Suggestions
Lau Felix
Research Engineer at Apple with expertise in machine learning and artificial intelligence.
Felix Lau is a research engineer with extensive experience in machine learning and artificial intelligence, particularly in the medical imaging field. He worked as a Senior Machine Learning Scientist at Arterys from April 2016 to August 2019, a period of 3 years and 5 months.1
During his time at Arterys, Felix made significant contributions to the development of AI-powered medical imaging technologies:
Key Achievements at Arterys
-
CardioAI Development: Felix led the development of CardioAI, a U-Net-based fully convolutional network (FCN) that segments ventricular structures in cardiac MRI scans. This AI model achieved radiologist-level accuracy and became the first FDA-cleared cloud-based deep learning clinical product. CardioAI is used by clinicians in various prestigious medical institutions and can save up to 25 minutes of their time per case.1
-
ScarGAN Project: He spearheaded the development of ScarGAN, an innovative synthetic data generation technique. This method uses chained Generative Adversarial Networks (GANs) to simulate pathological tissues in normal patients' MRI LGE scans, reducing the need for collecting data on rare diseases.1
-
LungAI Co-development: Felix also contributed to the development of LungAI, an algorithm for lung nodule detection and segmentation using U-Net and ResNet architectures.1
Career Progression
After his role at Arterys, Felix Lau moved on to other prominent positions in the AI field:
- Research Engineer at Scale AI (September 2019 - September 2021)

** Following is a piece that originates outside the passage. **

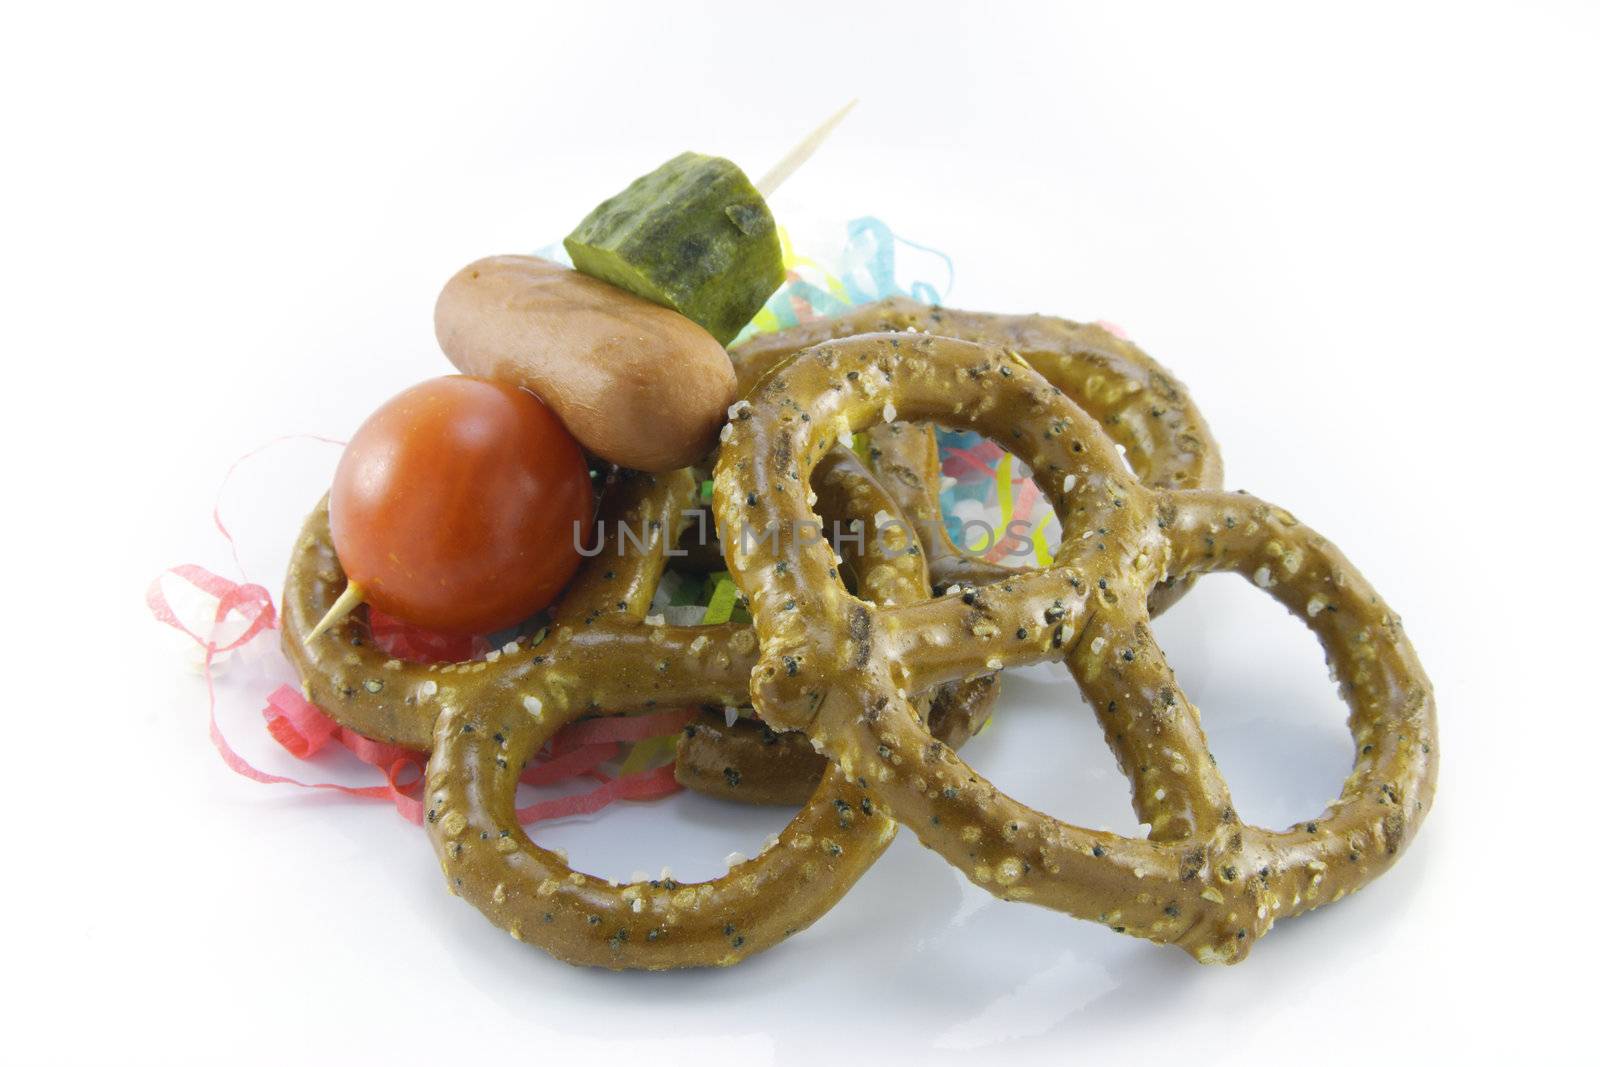 Pile of salty baked pretzels with cocktail stick containing hot dog, tomato and gherkin with streamers on a reflective white background
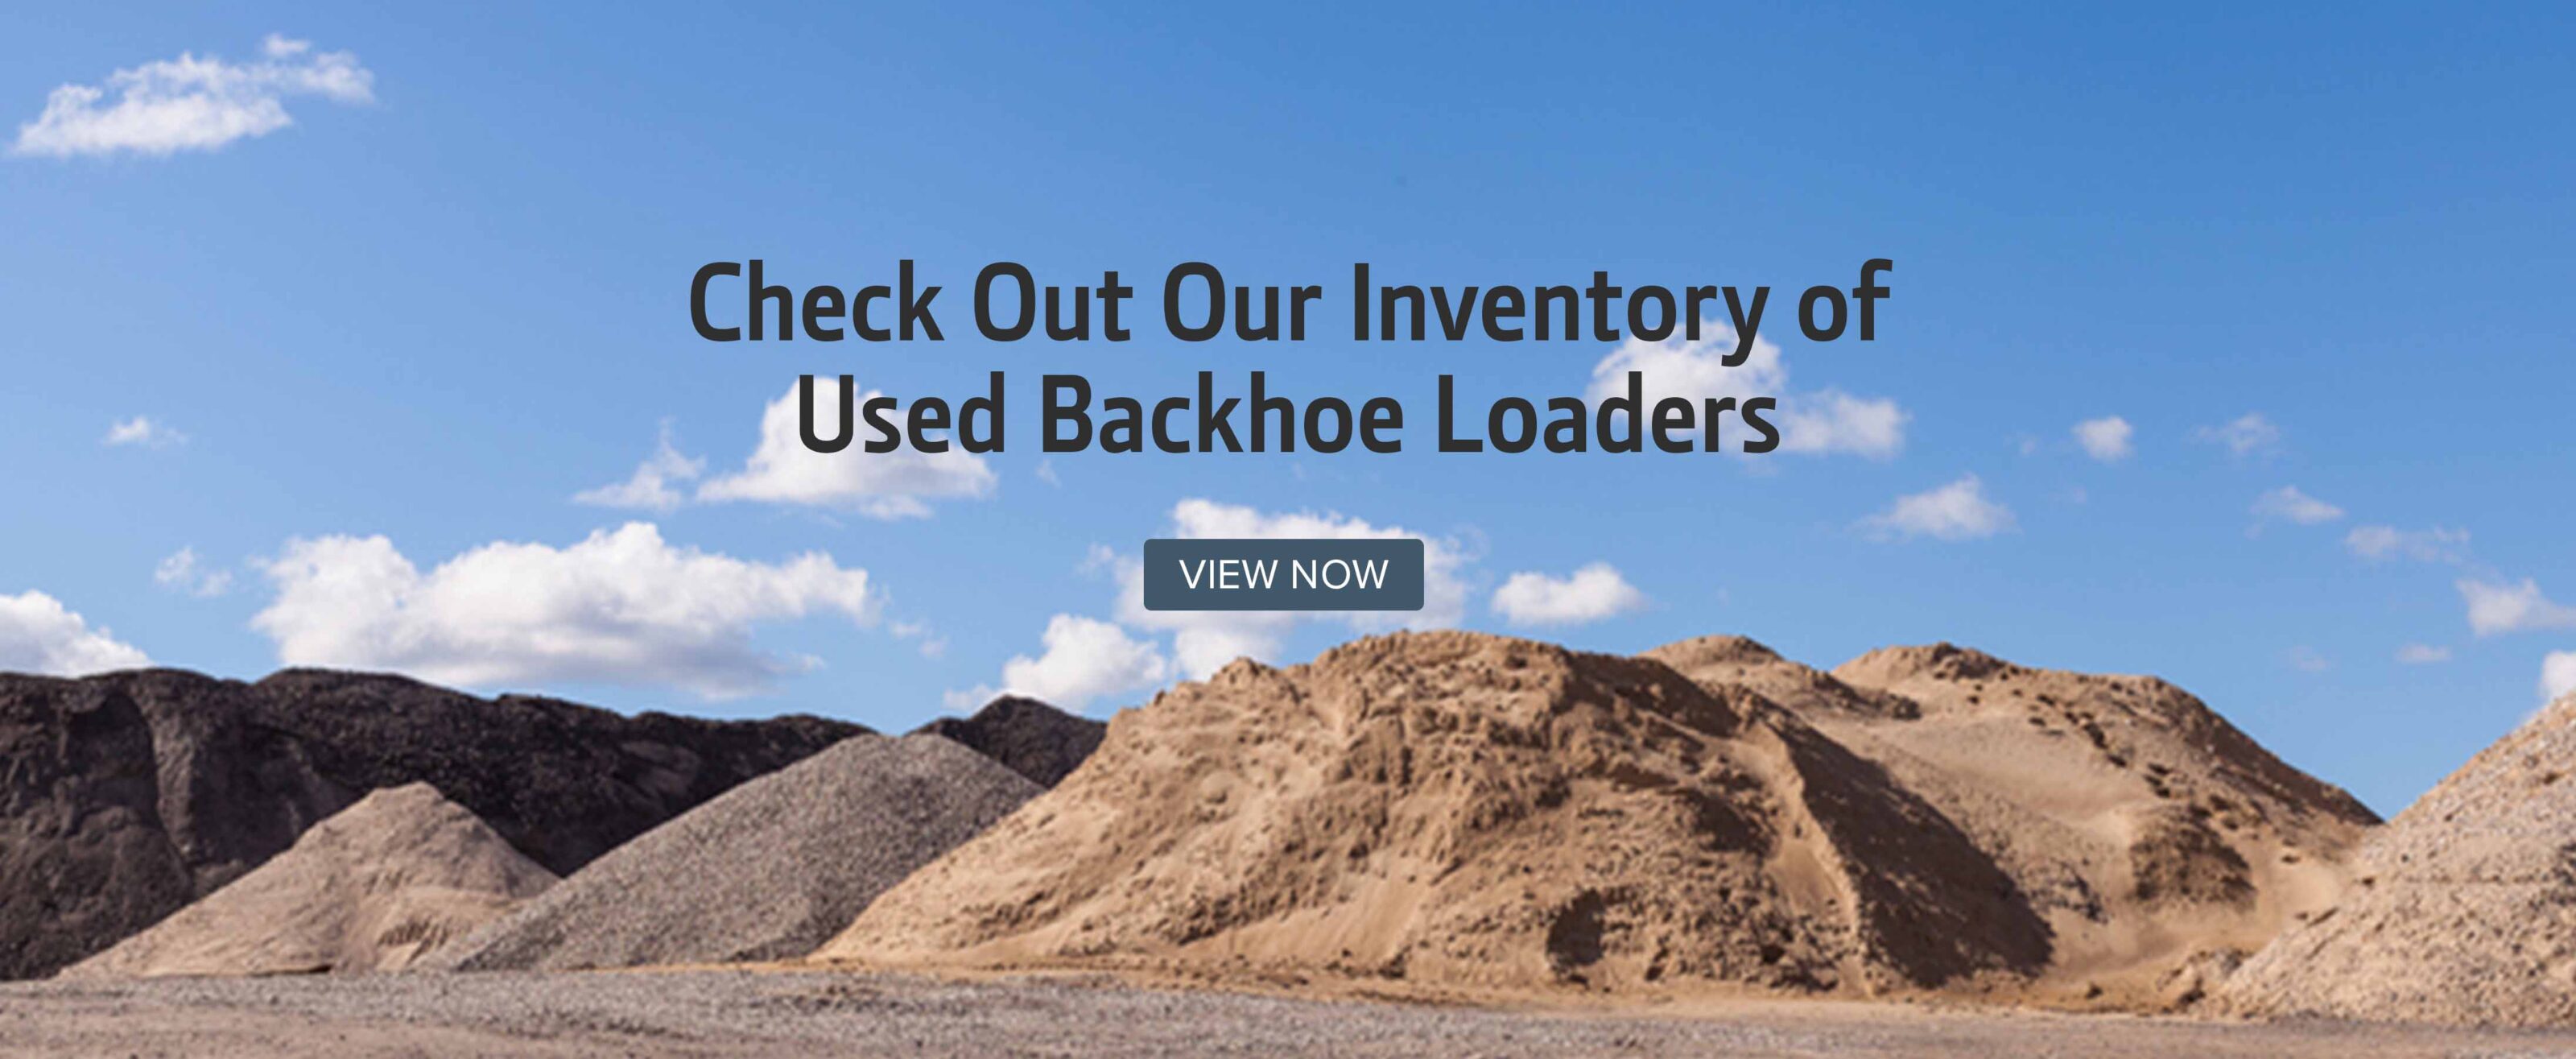 Check Out Our Inventory of Used Backhoe Loaders

- Research Engineer at Apple (October 2021 - Present), where he works in the SIML - Human and Object Understanding team1
Education
Felix Lau holds dual bachelor's degrees from The Hong Kong University of Science and Technology:
- Bachelor's Degree in Business Administration (First class honours)
- Bachelor's Degree in Computer Science (First class honours)
Both degrees were completed between 2008 and 2012.1
Felix Lau's career demonstrates a strong focus on applying machine learning and AI technologies to solve complex problems, particularly in the medical imaging domain. His work has contributed to significant advancements in automated clinical workflows and AI-assisted medical diagnostics.